Todd Gitlin discusses Obama's legacy, Donald Trump, and the future of Bernie Sanders’ movement.

Todd Gitlin Benjamin Ramm
28 June 2016


What happens to a dream deferred?
                                                            (Langston Hughes)

Todd Gitlin is one the most astute analysts of progressive politics in America. He is the author of a dozen books exploring the rise and fall of radical movements, including the New Left and Occupy. His writing is rooted in a lifetime of activism: between 1963-64, Gitlin was president of the Students for a Democratic Society, and he helped organise the first nationwide march against the Vietnam war.

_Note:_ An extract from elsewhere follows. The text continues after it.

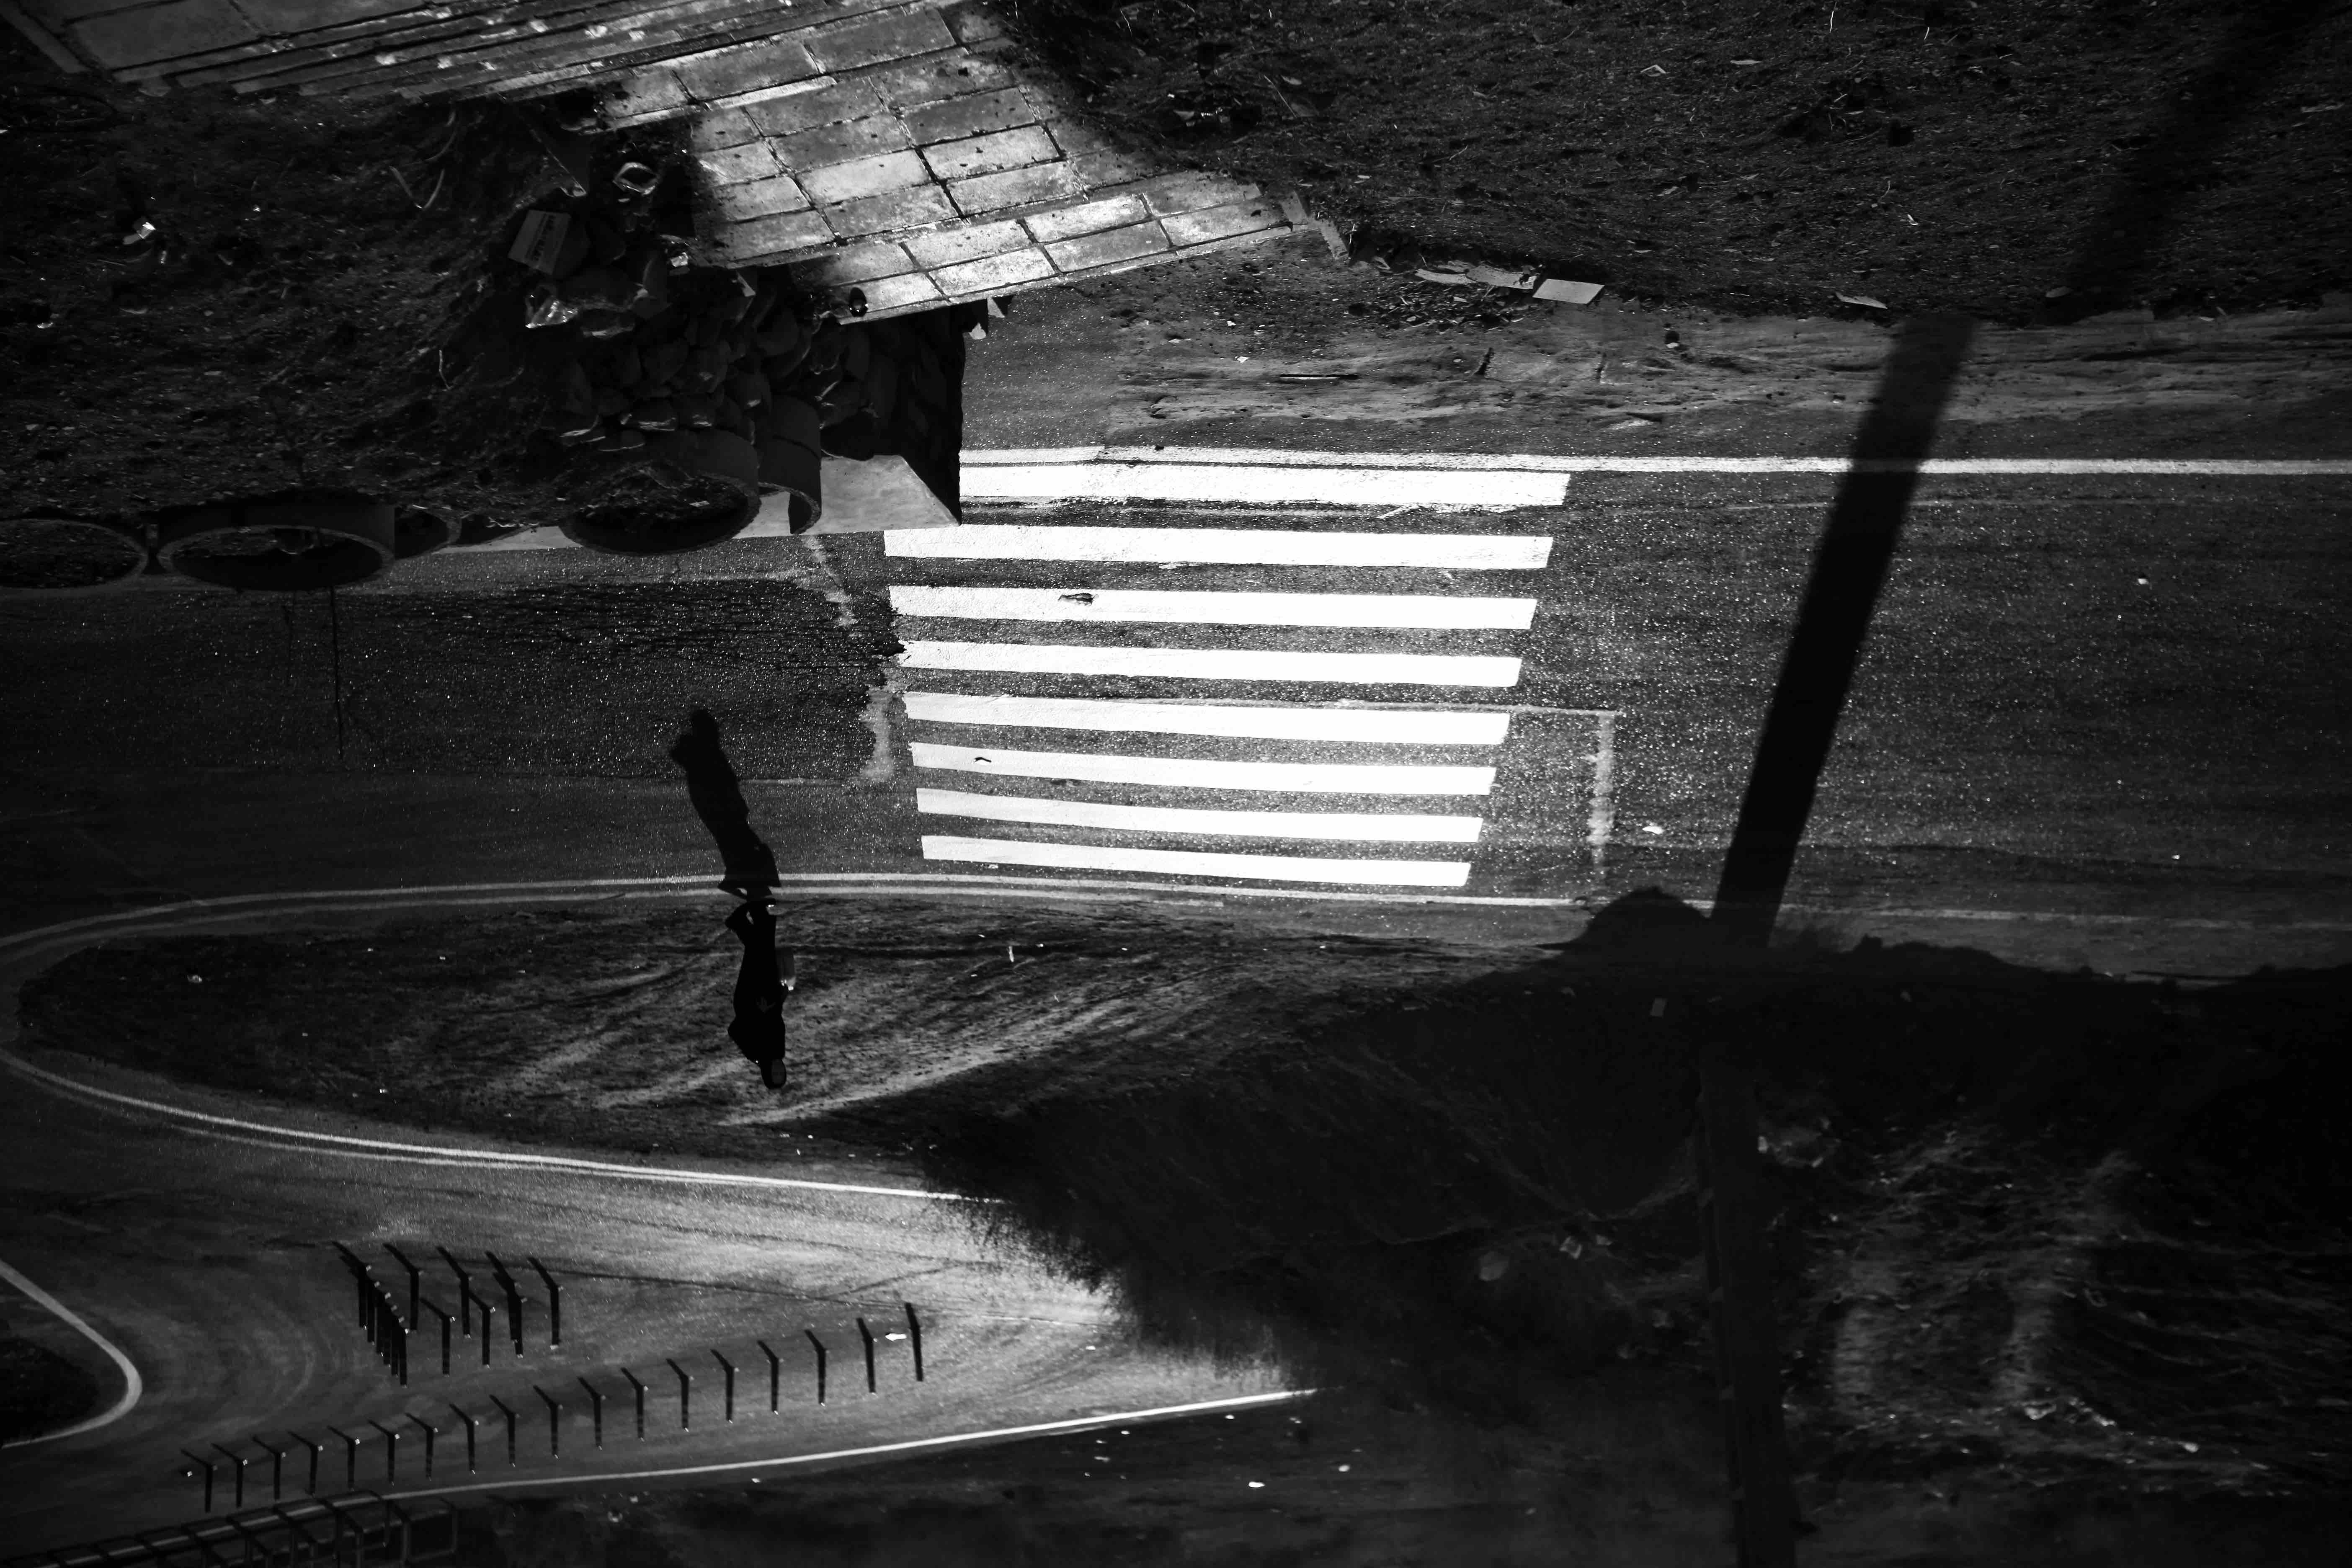 Untitled (6)_ The Life Of Shadows Series - Nehdaran_ Dana

He has written at length on the role of the mass media, and is professor of journalism and sociology at Columbia University in New York City.

Our discussion focused on the relationship between ideology and electability, and a perennial question for the left: how does grassroots ‘outsider energy’ engage with ‘insider politics’? In other words, what price are progressives willing to pay for power? Gitlin is illuminating on how movements evolve and morph, and how dreams deferred are revived in different guises. This issue is now particularly pertinent for the supporters of Bernie Sanders, and for the activists of Syriza in Greece and Podemos in Spain.

Gitlin is also insightful on Black Lives Matter, on the Republican Party’s nativist populism, and on Obama’s legacy. Speaking of how Obama’s own grassroots movement dissipated, he identifies the decision “not to be a transformational president but rather a transactional president. There was always a constructive ambiguity about Obama, partly in the minds of supporters, who fancied that he would be the incarnation of the mobilisation; but it was partly in his own nature, too”.